Com o mesmo intuito, o Tribunal de Justiça do Paraná instituiu o “CEJUSC Recuperação Judicial”6 de forma experimental na Comarca de Francisco Beltrão, a fim de promover audiências de conciliação ou mediação para que grandes, médios e pequenos empresários possam renegociar seus débitos e evitar a falência. A intenção, segundo o Tribunal, é de expandir o projeto para outras Comarcas e manter suas atividades mesmo depois da retomada das atividades com o fim do estado de pandemia.

Os interessados poderão solicitar para o e-mail dcan@tjpr.jus.br a realização de audiência de conciliação ou mediação, demonstrando sua situação de crise e informando a intenção de negociar com os credores. Aqueles que já estiverem em processo judicial de recuperação também poderão solicitar a mediação ou a conciliação para resolver conflitos.

A instituição dessa nova modalidade pré-processual poderá auxiliar na retomada da economia, trazendo soluções rápidas e de baixo custo, e ao mesmo tempo evitar que haja um colapso no sistema judicial.

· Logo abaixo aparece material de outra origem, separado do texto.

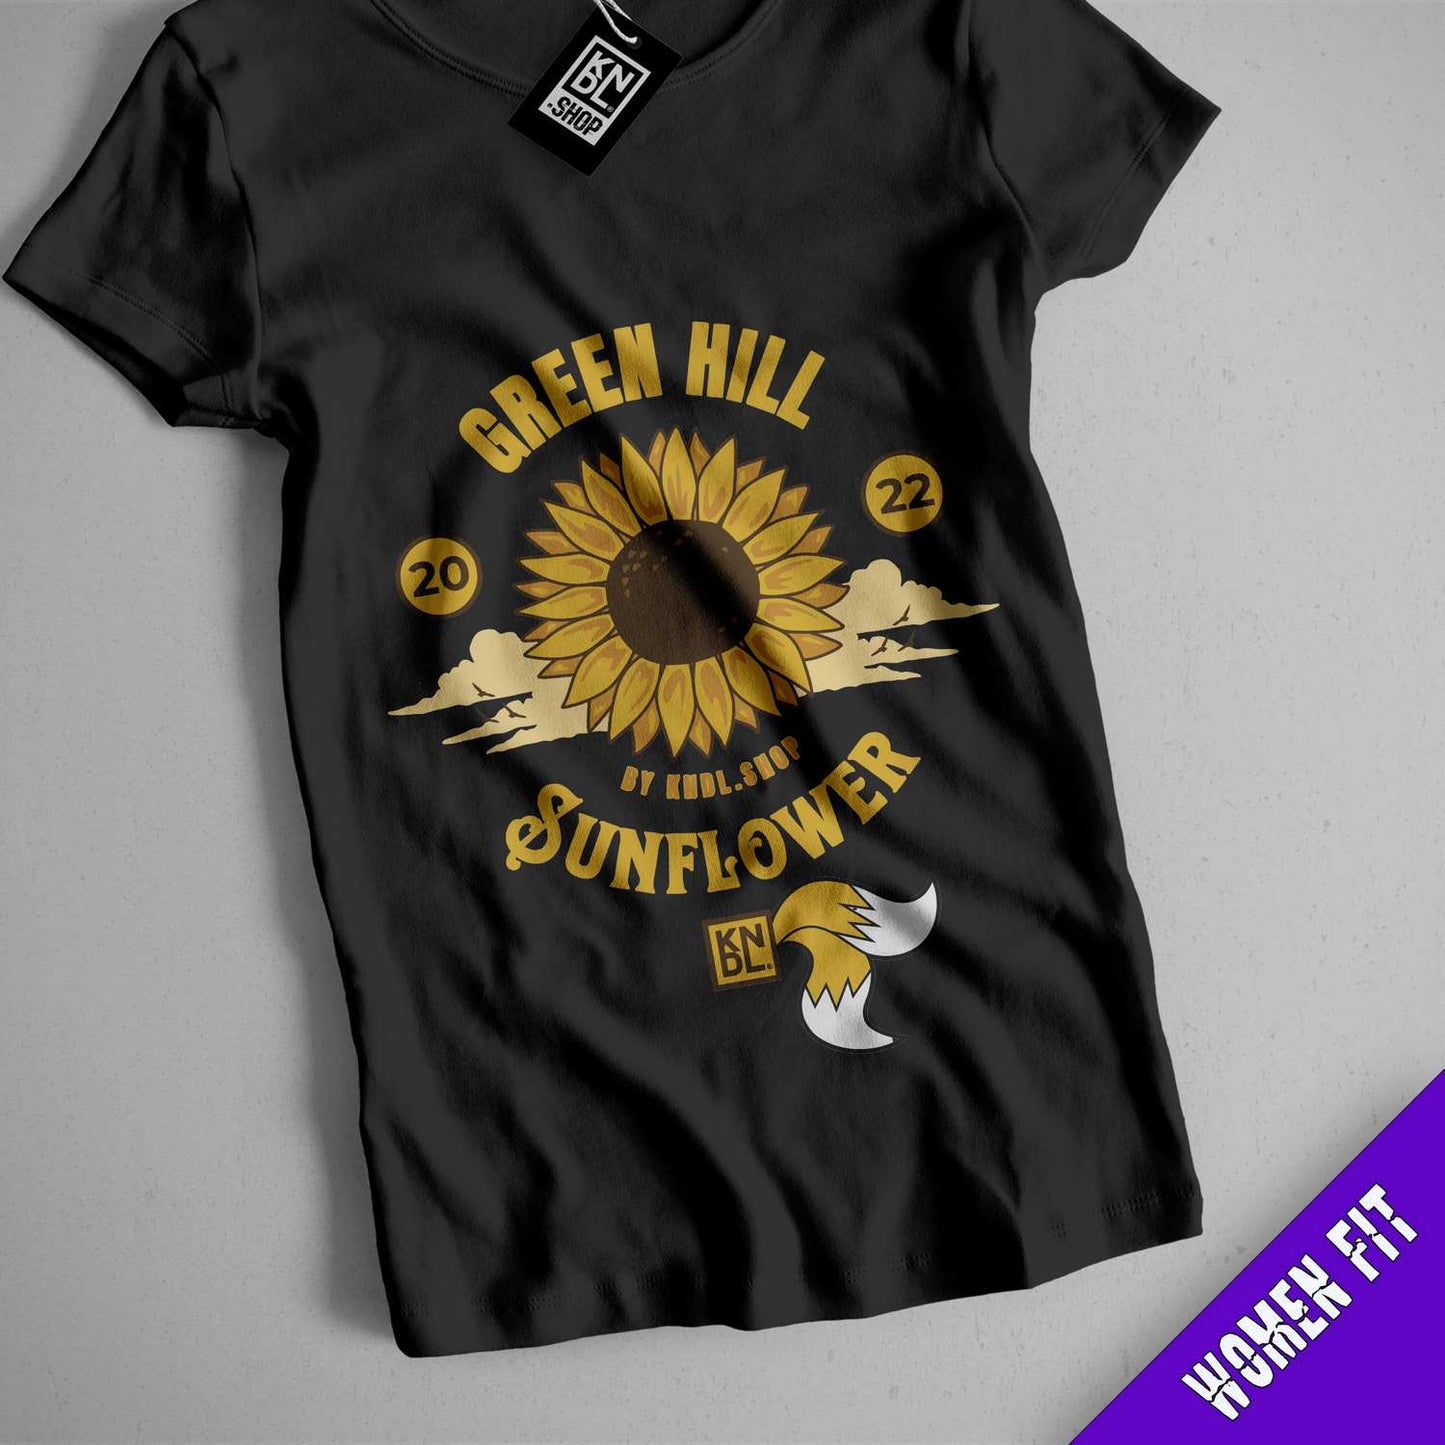 a black shirt with a sunflower on it

O Conselho Nacional de Justiça (“CNJ”) também tem atuado para promover os métodos alternativos de solução de conflitos. Em notícia recentemente veiculada pelo Valor Econômico7, o CNJ informou que lançará uma plataforma on-line para realização de audiências de conciliação e mediação que, em um primeiro momento, auxiliará a solucionar conflito relacionados à covid-19. A intenção do CNJ é, posteriormente, expandir o uso da plataforma para solução de todas as questões e, ainda, para tratar de ações coletivas.

A nova plataforma está sendo desenvolvida pela Fundação Getúlio Vargas (FGV) e conta com o financiamento de grandes empresas do país, especialmente do setor aéreo, de energia, telecomunicações, saúde e bancário, bem como suas respectivas associações e federações.

Além das referidas iniciativas voltadas ao período da pandemia, vale lembrar que o CNJ já havia editado a resolução 125 em 2010 incentivando a conciliação e mediação, prestando, com isso, um grande serviço ao país ao estimulá-las.

As aprovações do Novo Código de Processo Civil (lei 13.105 de 2015) e da Lei de Mediação (lei 13.140 de 2015) também evidenciam estímulos para que mecanismos de solução de conflitos, especialmente os consensuais como a mediação e a conciliação, efetivamente se consolidem no país.

Sem dúvida a pandemia e a urgência de implementar um sistema multiportas eficiente para solucionar as questões relacionadas ao covid-19 exigiu das Cortes brasileiras uma resposta imediata para evitar uma proliferação de ações judiciais bem como uma sobrecarga do Judiciário.

Soluções semelhantes talvez sejam também interessantes para a renegociação de dívidas e débitos com a administração pública, como, por exemplo, para reequilibrar contratos com concessionárias de serviço abalados em decorrência da pandemia de covid-19. Claro que, observadas as particularidades de quando se contrata com o Poder Público, a realização de audiências de conciliação ou mediação, nos Tribunais ou nos próprios órgãos públicos, pode também evitar a disseminação de novas demandas judiciais.

O que se observa, até o momento, é uma grande evolução na cultura brasileira de judicialização oportunizada pela crise pandêmica, possibilitando igualmente a criação de novas ferramentas para desafogar o Judiciário e promover soluções mais céleres às partes.